Тот подал; пробка щелкнула.
– Ах! – вскрикнула дама.
– Испугались?
– Да, это громко, я пугаюсь, – отвечала она и потом, положив пальчик на край стакана, из которого пенилось вино, сказала: – Ну, ну, будет!.. Не смей больше ходить.
«Прехорошенькая!» – думал Калинович.
Дама начала с аппетитом кушать котлеты.
Перед жарким он поднял бокал и проговорил.

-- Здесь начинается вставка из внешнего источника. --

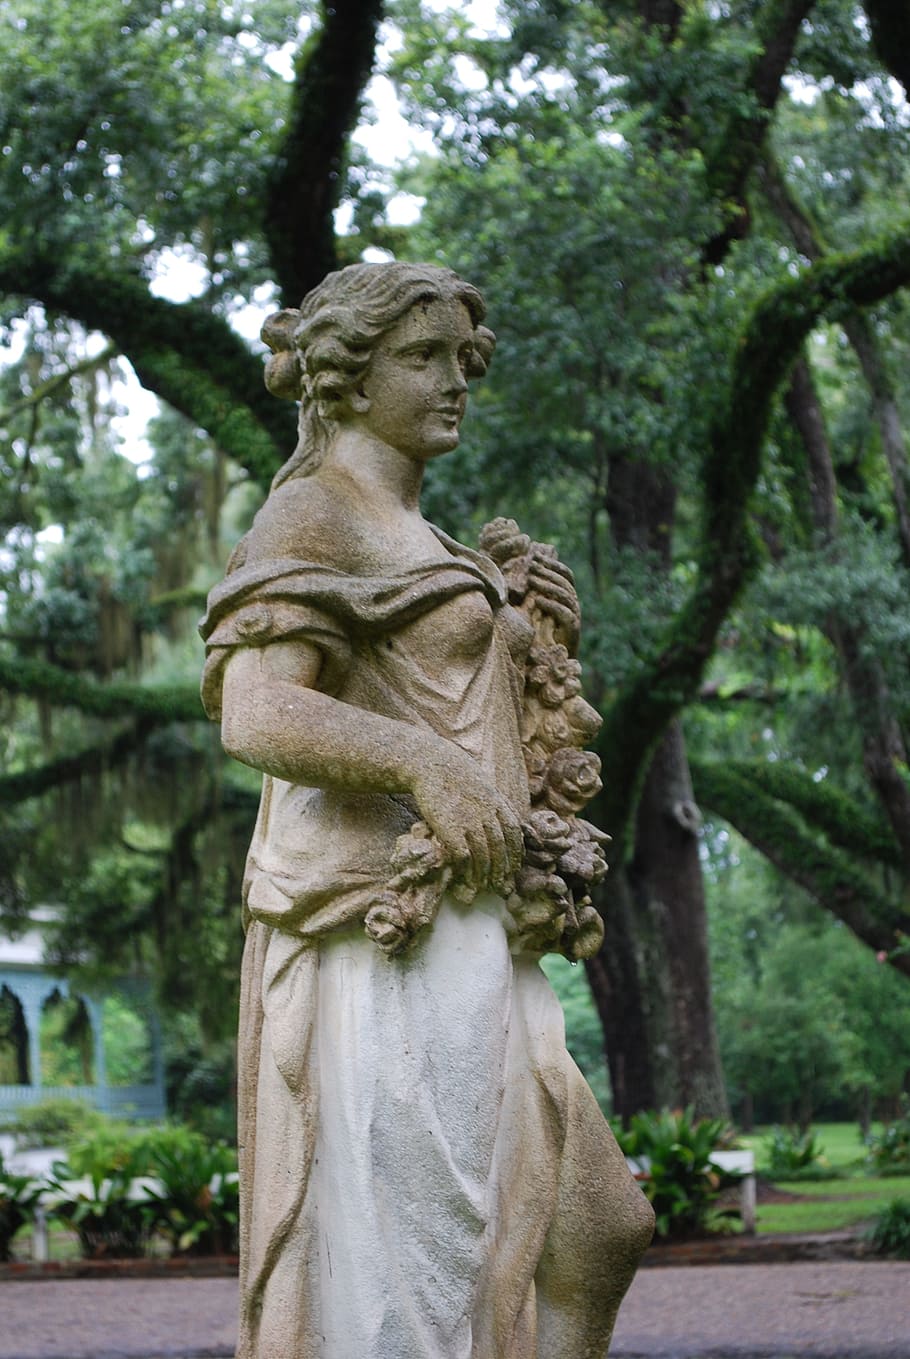 Statue, Sculpture, Female, lady, mona lisa, myrtles plantation, louisiana, tree, cemetery, sadness
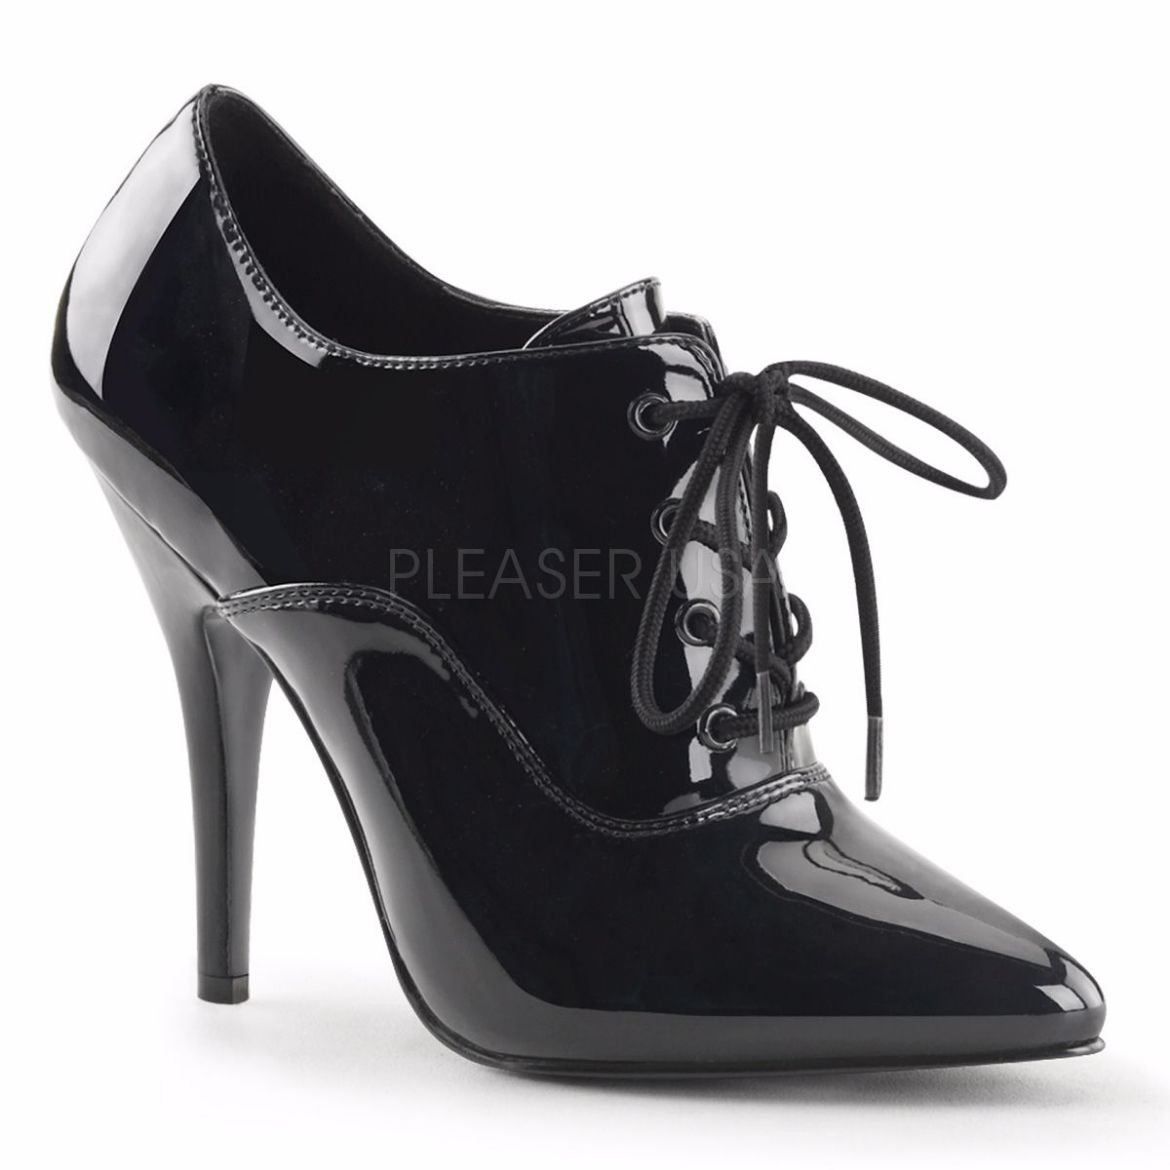 Product image of Pleaser Seduce-460 Black Patent, 5 inch (12.7 cm) Heel Court Pump Shoes

– Votre sante, madame![66 - За ваше здоровье, сударыня! (франц.).]
– Et la votre, monsieur[67 - И за ваше, сударь (франц.).], – отвечала она, тоже выпивая, но тотчас поморщилась, проговоря: «Ай, горько!»
– А вы знаете, что значит по русскому обычаю, когда, пивши вино, говорят: горько?
– Нет.
– Значит, надобно поцеловаться.
– Ах, это?.. Да, хорошо.
– Хорошо?
– Хорошо! – подтвердила дама и, по возвращении в вагон, сняла шляпку и стала еще милее.
Между тем начинало становиться темно. «Погибшее, но милое создание!» – думал Калинович, глядя на соседку, и в душу его запало не совсем, конечно, бескорыстное, но все-таки доброе желание: тронуть в ней, может быть давно уже замолкнувшие, но все еще чуткие струны, которые, он верил, живут в сердце женщины, где бы она ни была и чем бы ни была.
– Вы, решительно, полька! Чем больше я на вас гляжу, тем больше убеждаюсь в том, – начал он.
– Ах, да, только вы ошибаетесь… Я ж говорила вам: я турка… – отвечала она.
– А я вам говорю, что вы полька и немецкая полька, – продолжал Калинович, – потому что у вас именно это прекрасное сочетание германского типа с славянским: вы очень хороши собой.
– О, да, да, – подтвердила соседка.
– Конечно, да, – подхватил Калинович, – и, может быть, в Варшаве или даже подальше там у вас живут отец и мать, брат и сестра, которые оплакивают вашу участь, если только знают о вашем существовании.
Заметно грустное чувство отразилось на хорошеньком личике соседки.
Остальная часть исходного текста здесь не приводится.